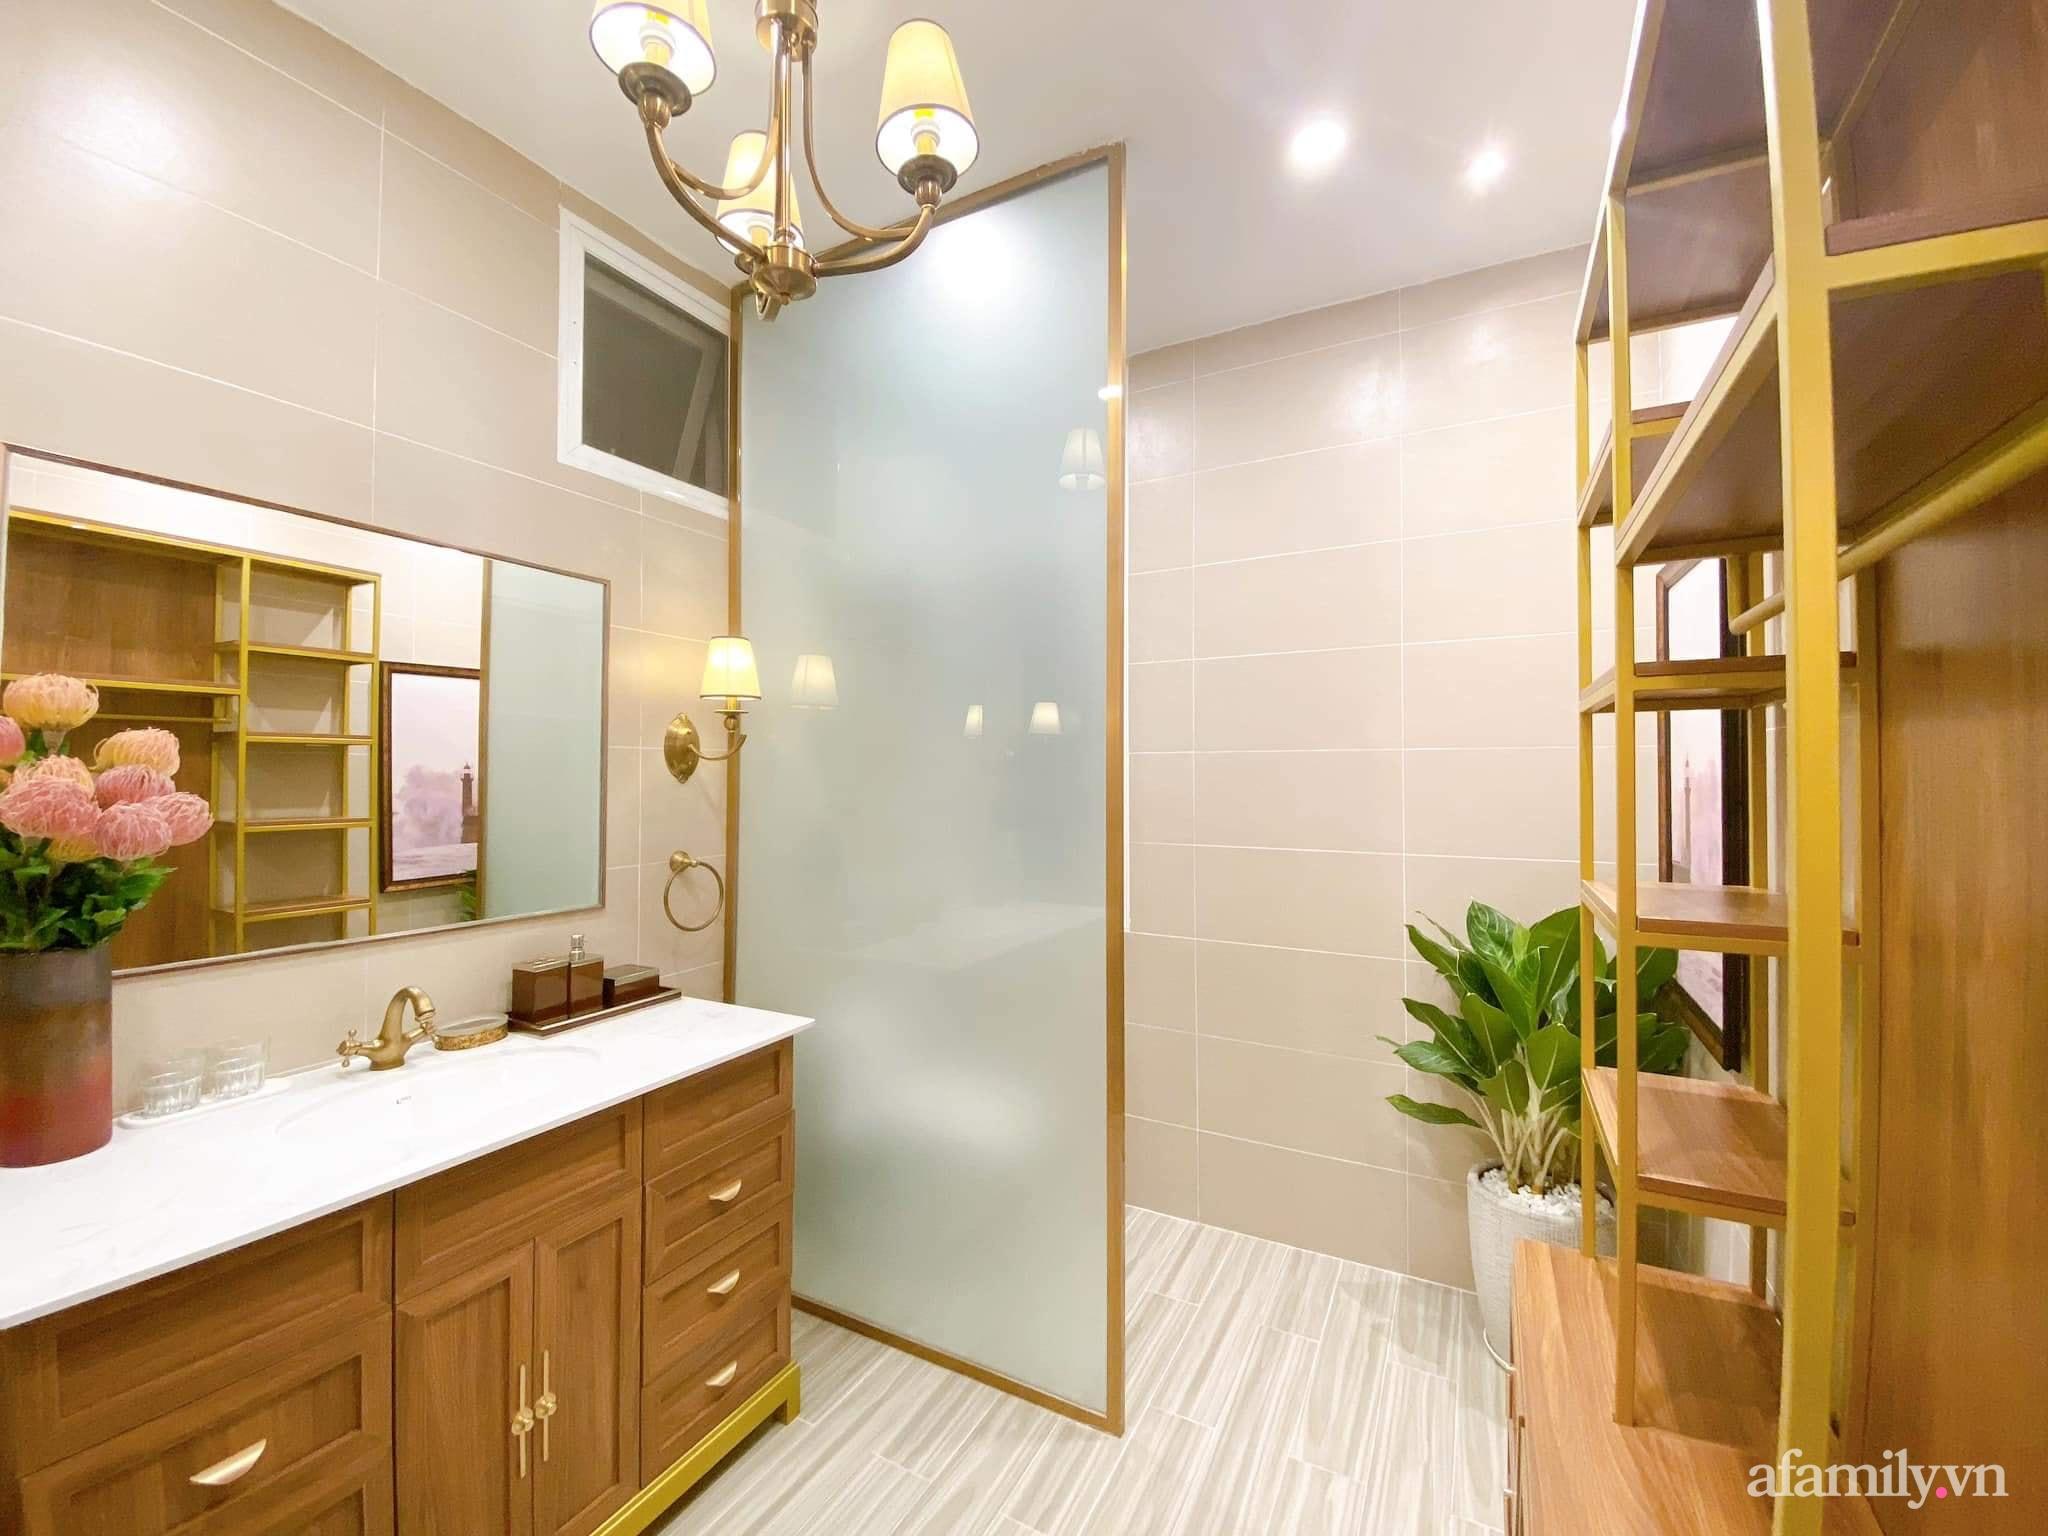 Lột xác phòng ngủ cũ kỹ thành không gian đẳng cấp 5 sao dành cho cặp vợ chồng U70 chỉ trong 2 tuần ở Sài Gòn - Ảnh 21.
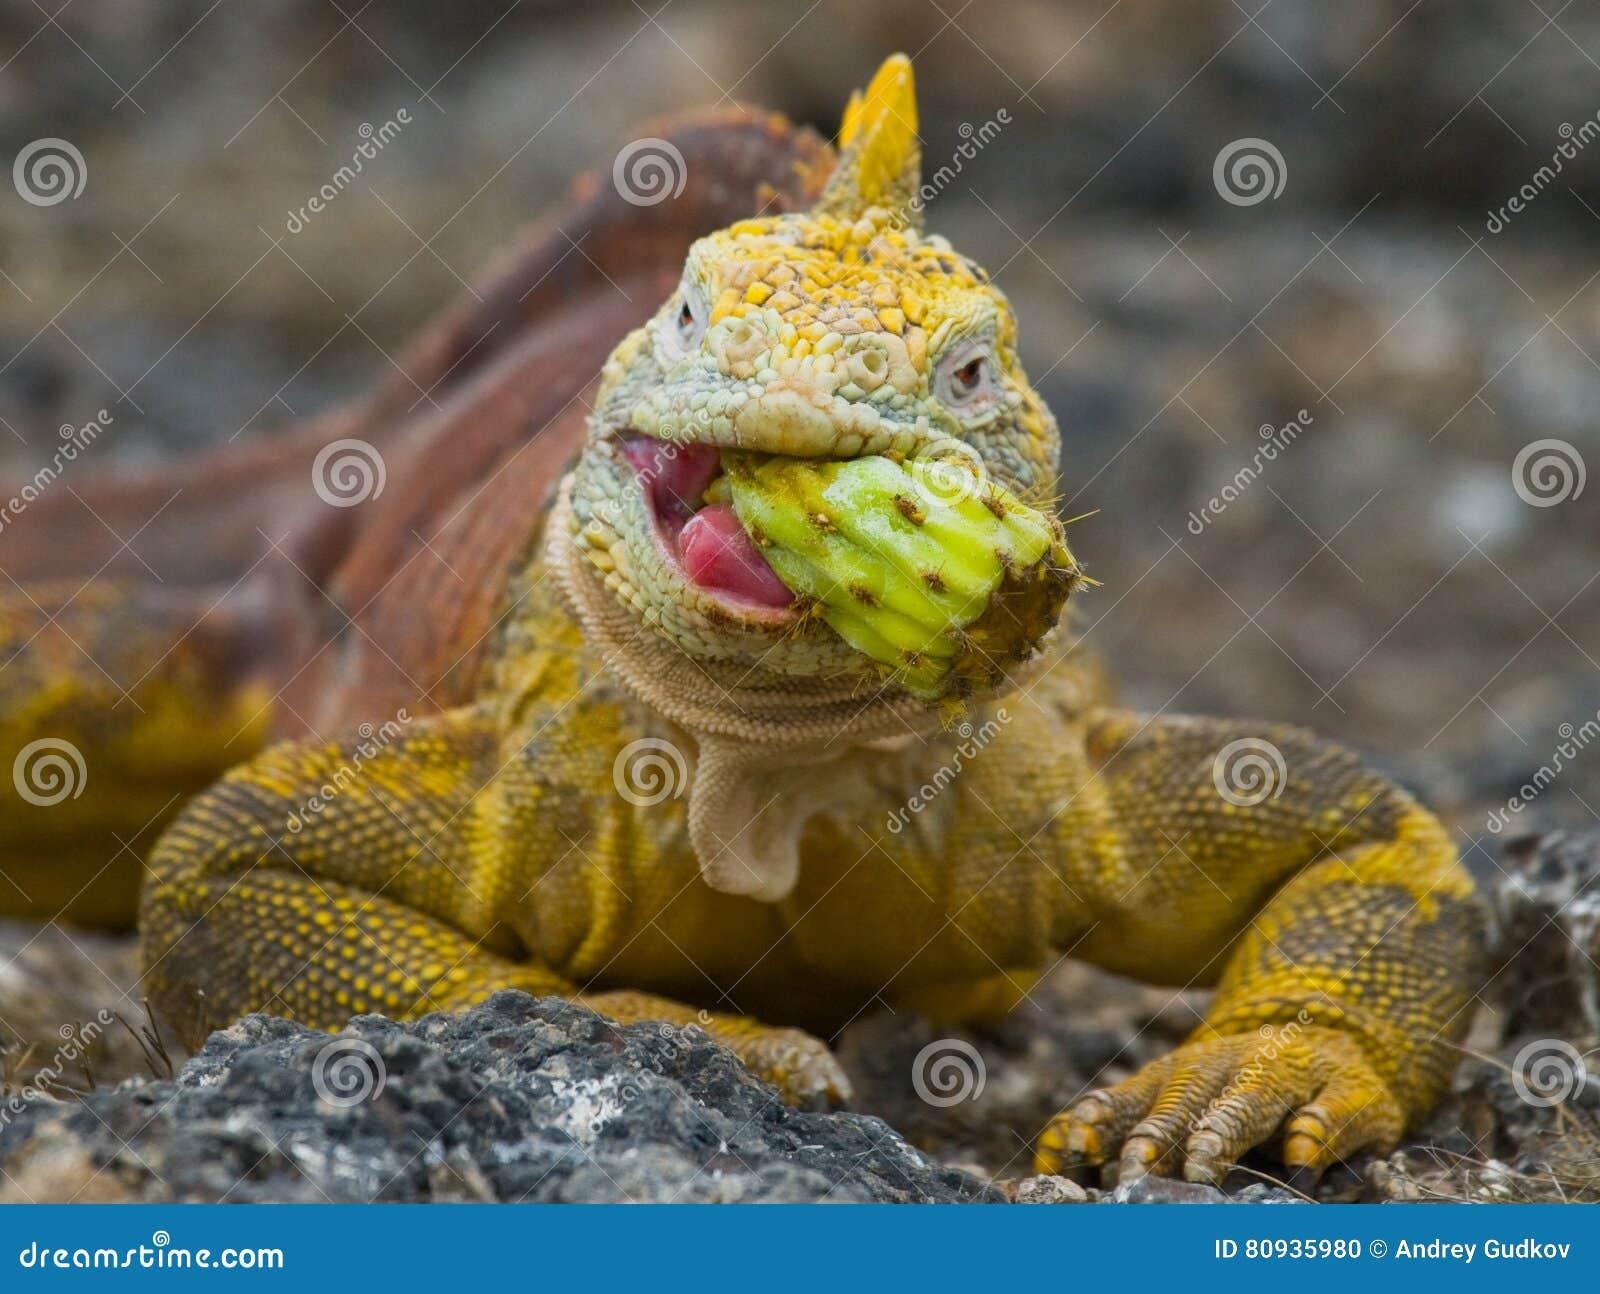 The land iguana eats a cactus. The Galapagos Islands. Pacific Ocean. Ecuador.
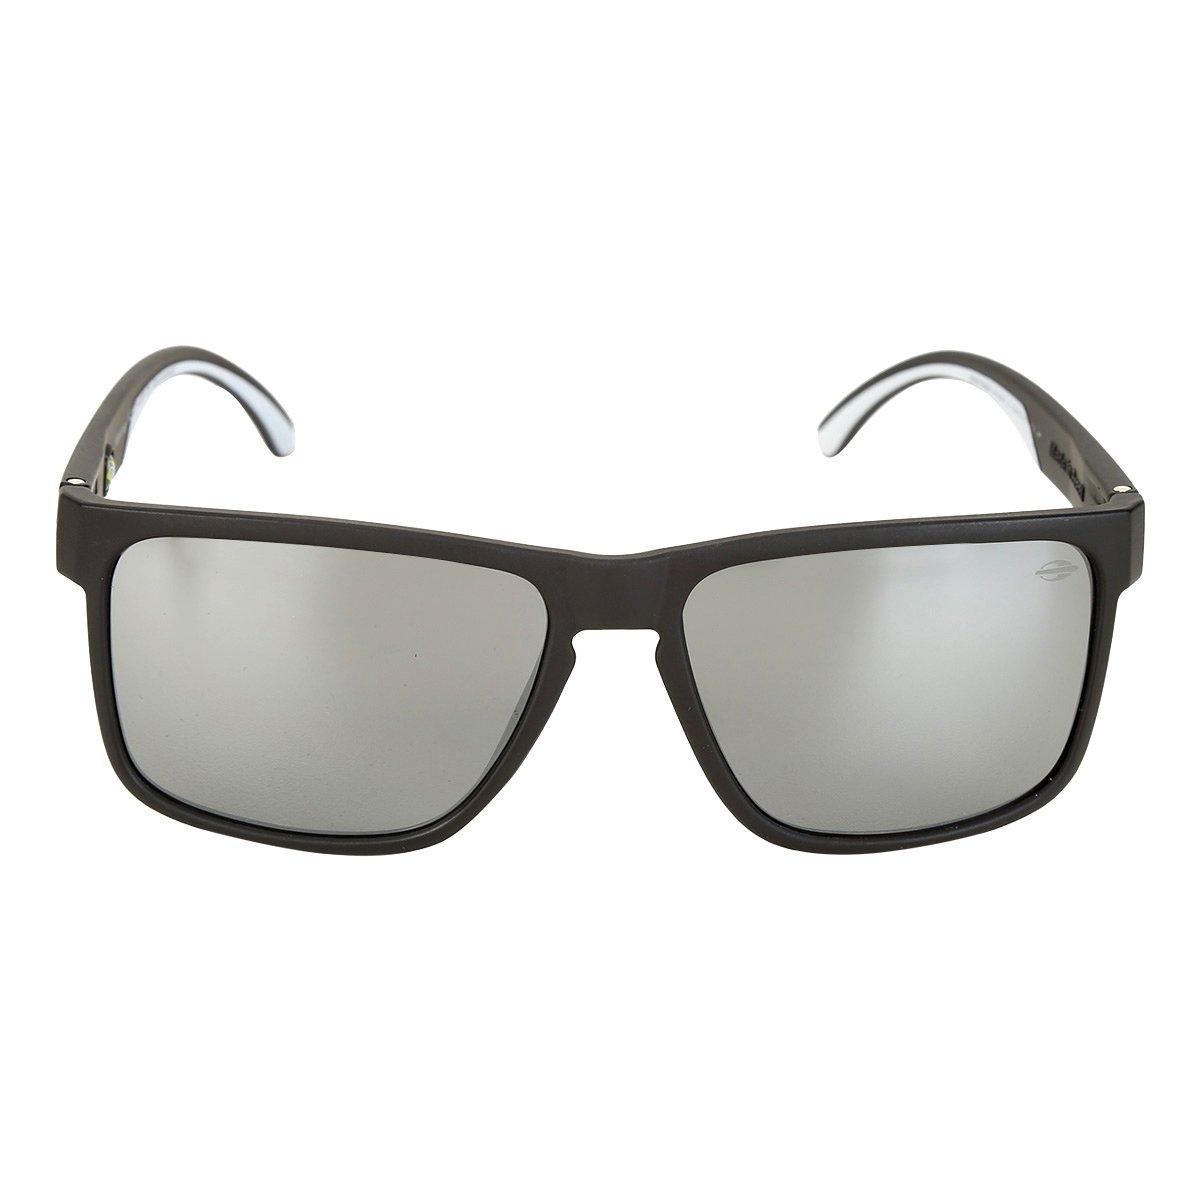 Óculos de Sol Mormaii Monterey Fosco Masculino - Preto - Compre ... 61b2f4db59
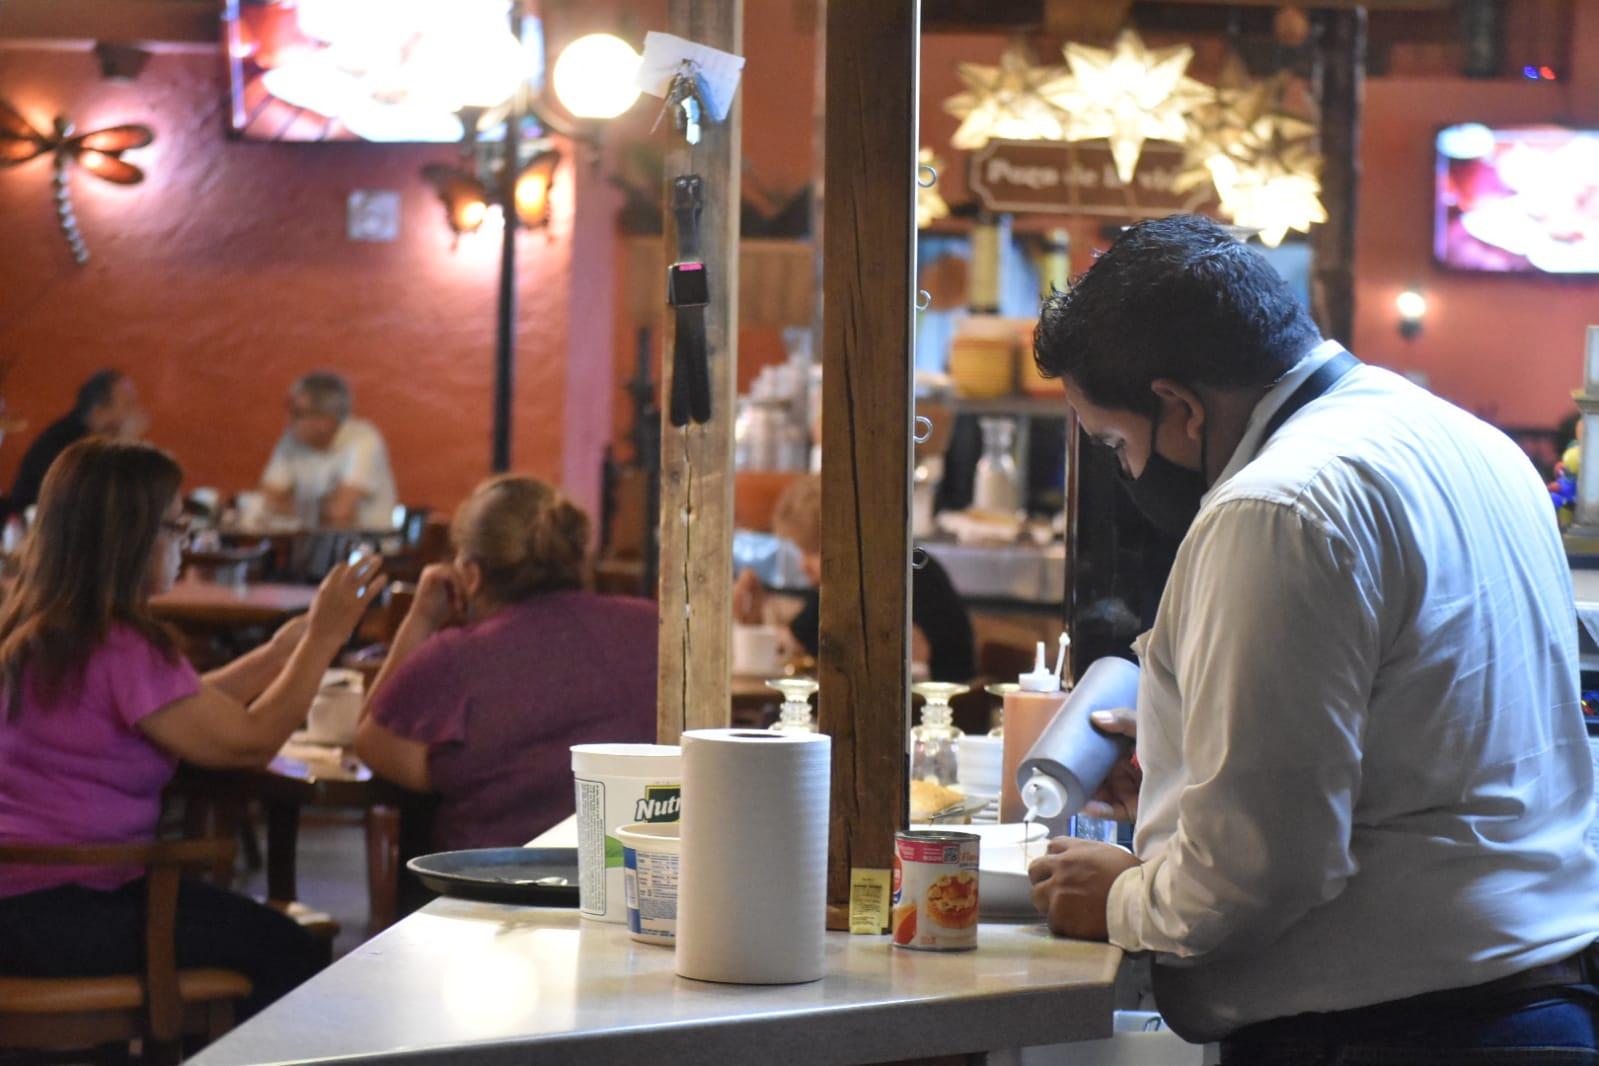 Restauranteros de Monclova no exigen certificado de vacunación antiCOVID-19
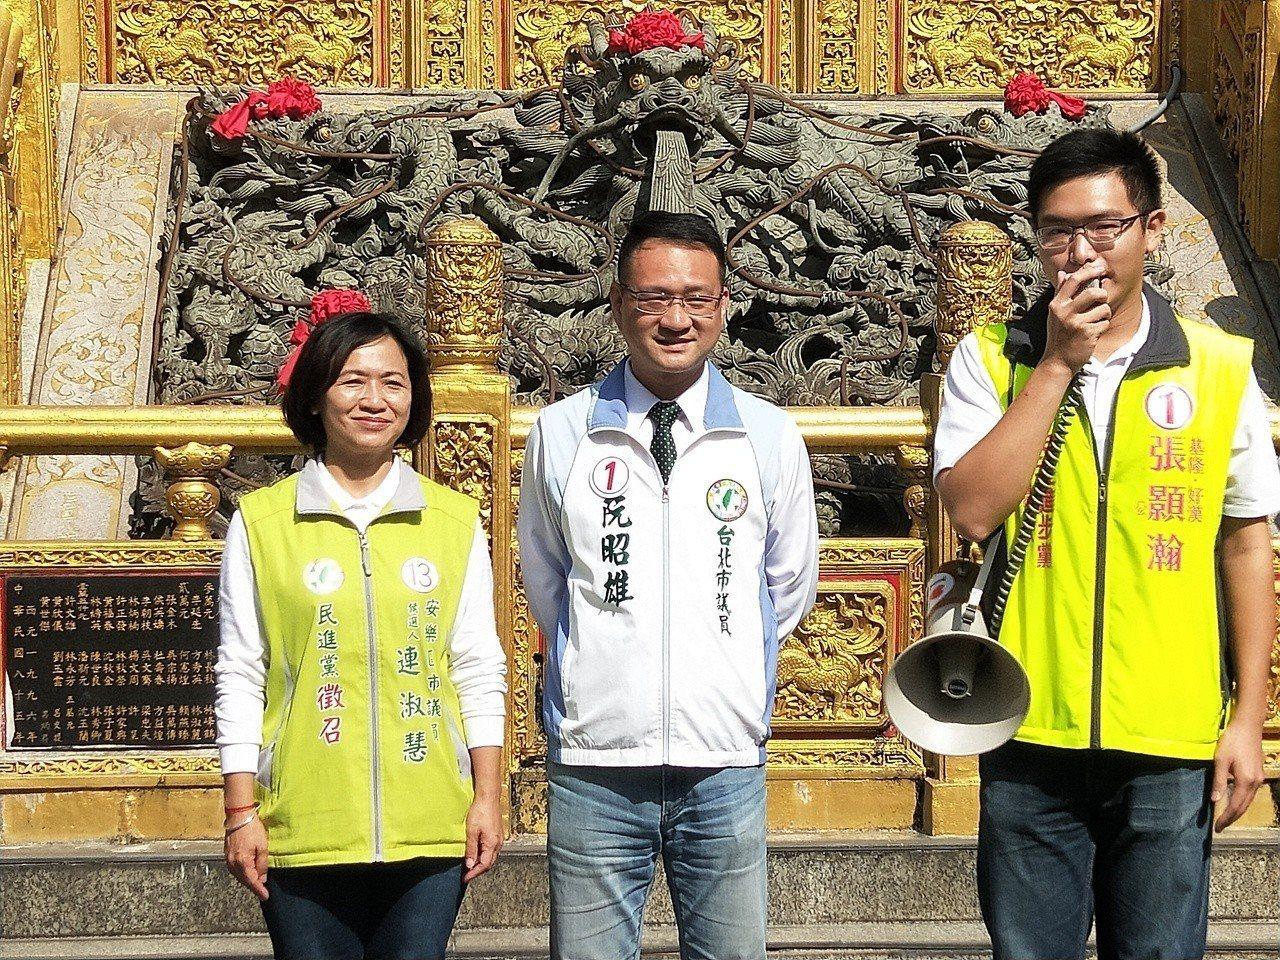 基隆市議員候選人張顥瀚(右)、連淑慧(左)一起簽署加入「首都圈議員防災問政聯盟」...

────

**PROBLEM STATEMENT:** What's needed is every record restated exactly, pictures excluded.

**REPLY TO THE EXERCISE:**
 Lột xác phòng ngủ cũ kỹ thành không gian đẳng cấp 5 sao dành cho cặp vợ chồng U70 chỉ trong 2 tuần ở Sài Gòn - Ảnh 21.
 The land iguana eats a cactus. The Galapagos Islands. Pacific Ocean. Ecuador.
 Óculos de Sol Mormaii Monterey Fosco Masculino - Preto - Compre ... 61b2f4db59
 Restauranteros de Monclova no exigen certificado de vacunación antiCOVID-19
 基隆市議員候選人張顥瀚(右)、連淑慧(左)一起簽署加入「首都圈議員防災問政聯盟」...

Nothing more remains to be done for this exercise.